Cela a bien sûr changé au cours de la dernière décennie. Des dizaines de milliers de personnes, au moins, ont afflué vers le bitcoin, la blockchain, avec de grandes conférences presque chaque semaine. La plupart des gens sont probablement intéressés par « l’ère Bitcoin », commençant vers 2008-2010, mais avec une histoire importante qui l’a précédée.
L’histoire est une façon naturelle pour les gens de comprendre les choses… elle raconte une histoire, un récit linéaire.

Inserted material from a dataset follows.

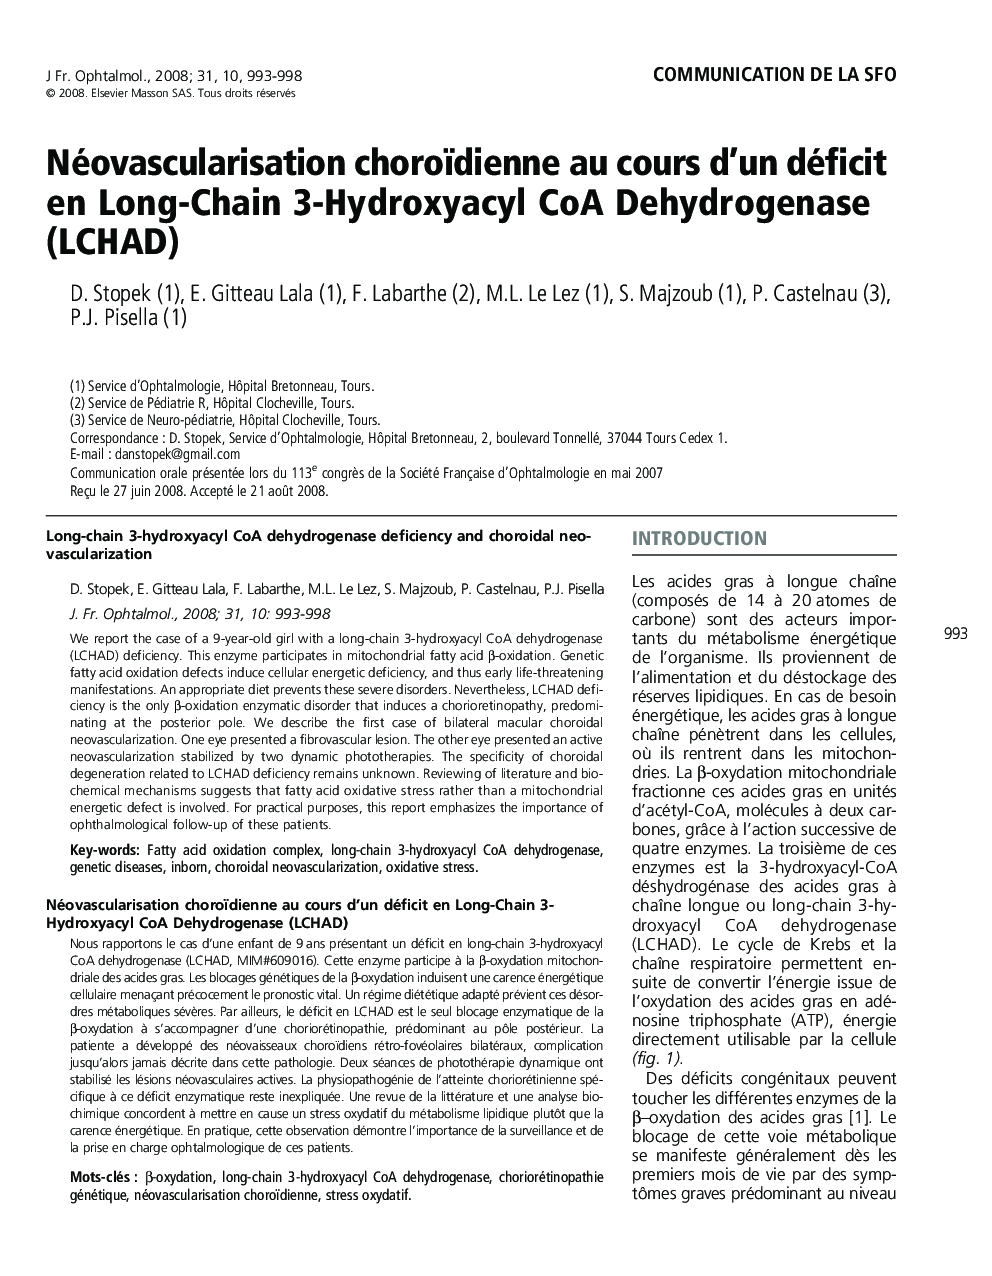 Néovascularisation choroïdienne au cours d'un déficit en Long-Chain 3-Hydroxyacyl CoA Dehydrogenase (LCHAD)

À propos de l’avenir, je ne spéculerai pas beaucoup. J’ai parlé de certaines conséquences « évidentes » de 1988 à 1998, à commencer par « The Crypto Anarchist Manifesto » en 1988 et la liste Cypherpunks à partir de 1992.

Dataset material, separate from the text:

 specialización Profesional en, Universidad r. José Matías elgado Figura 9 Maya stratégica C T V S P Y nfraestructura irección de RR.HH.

CoinDesk : On dirait que vous ne pensez pas que le bitcoin est à la hauteur de sa philosophie, ou que la communauté qui l’entoure n’a pas vraiment respecté ses racines cypherpunk.
Tim : Oui, je pense que la cupidité, les médias et les propos de type « To the Moon! » et « HODL » est le plus gros FOMO que j’ai jamais vu.

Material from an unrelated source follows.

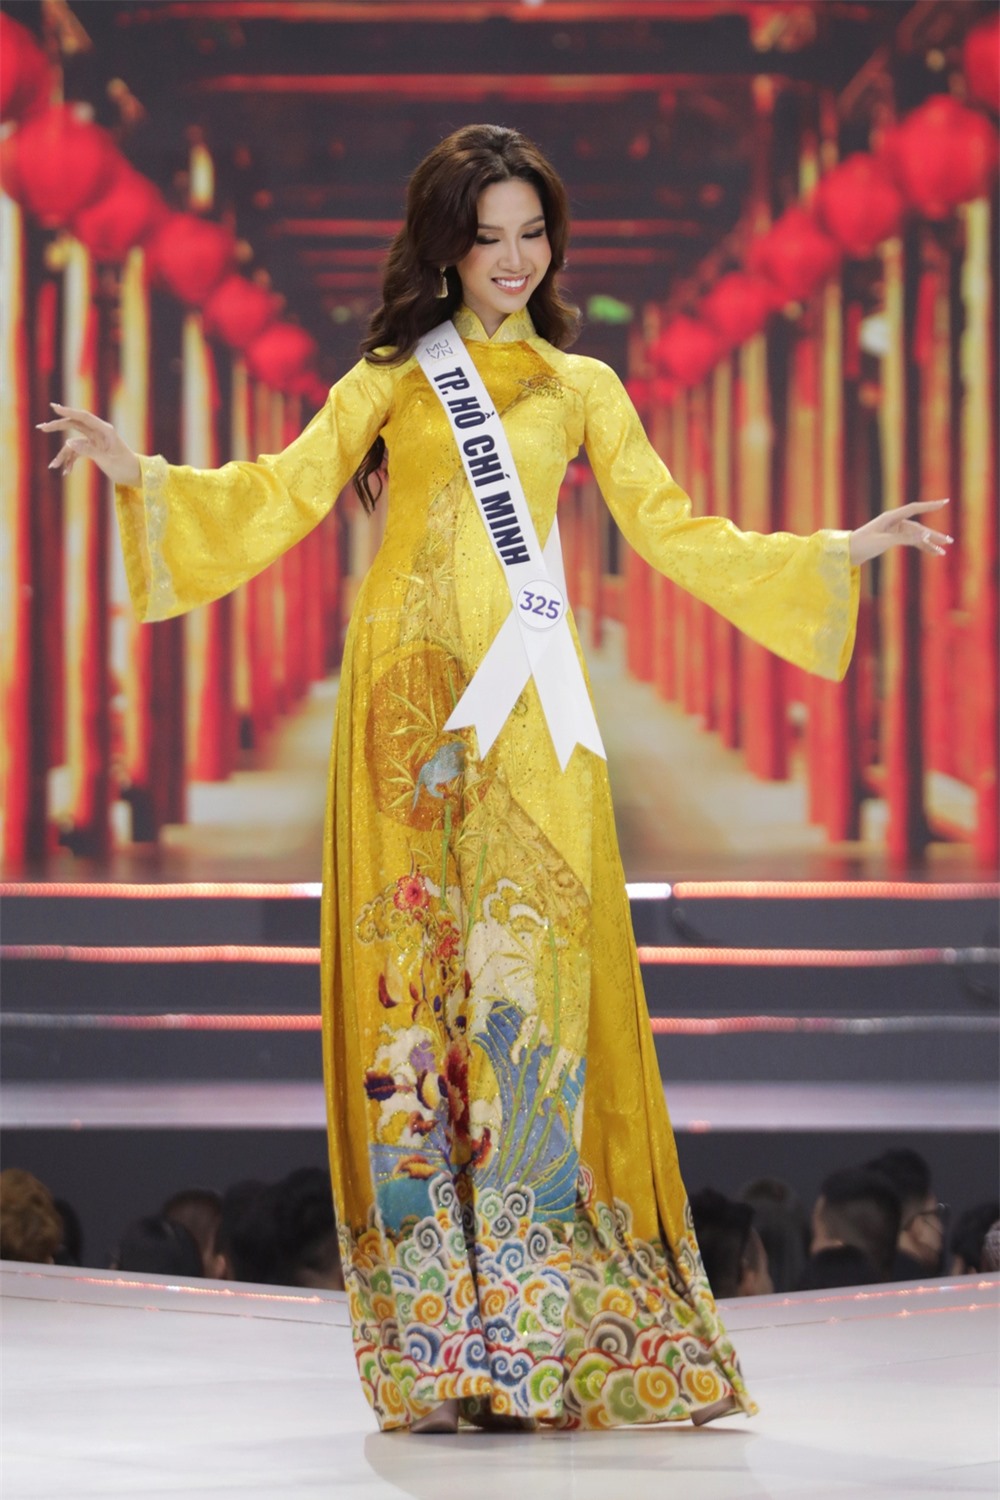 Bán kết Hoa hậu Hoàn vũ Việt Nam 2022: Loạt ứng viên cùng khoe vẻ nóng bỏng - Ảnh 5.

Pas tant dans le sens « Tulipomanie » avec d’énormes augmentations de prix, mais dans le sens de centaines d’entreprises, de milliers de participants qui sont gonflés à leur maximum. Et le culte des héros… C’est beaucoup plus médiatisé que ce que nous avons vu au début d’internet. Je pense que beaucoup trop de publicité est donnée aux discussions lors de conférences, de livres blancs et de communiqués de presse. Il y a beaucoup de « ventes ».
Les gens et les entreprises essaient de se faire une place. Certains déposent même des dizaines ou des centaines de brevets dans des variantes assez évidentes des idées de base, même pour des sujets qui ont été longuement discutés dans les années 1990. Espérons que le système des brevets rejettera certains d’entre eux (mais probablement seuls les grosses entreprises s’en sortiront dans le combat juridique qui s’en suivra).
La tension entre la confidentialité (ou l’anonymat) et les approches « connaissez votre client (KYC) » est une question importante. C’est « décentralisé, anarchique et peer-to-peer » par opposition à « centralisé, autorisé et contrôlé ».
Comprenez que la vision de nombreux membres de la communauté de la confidentialité – les cypherpunks, Satoshi et d’autres pionniers – était explicitement celle d’un système peer-to-peer sans autorisation pour les transferts d’argent. Certains avaient des visions d’un remplacement de la monnaie « fiat ».
Timothy C. May
David Chaum, l’un des principaux pionniers, était très avant-gardiste sur les questions de « l’anonymat des acheteurs ». Où, par exemple, un grand magasin pourrait recevoir des paiements pour des marchandises sans connaître l’identité d’un acheteur. (Ce qui n’est certainement pas le cas aujourd’hui, où des magasins comme Walmart et Costco ont compilé des dossiers détaillés sur ce que les clients achètent. Et où les enquêteurs de la police peuvent acheter les dossiers ou y accéder pour des citations à comparaître. Et c’est encore pire dans certains pays. )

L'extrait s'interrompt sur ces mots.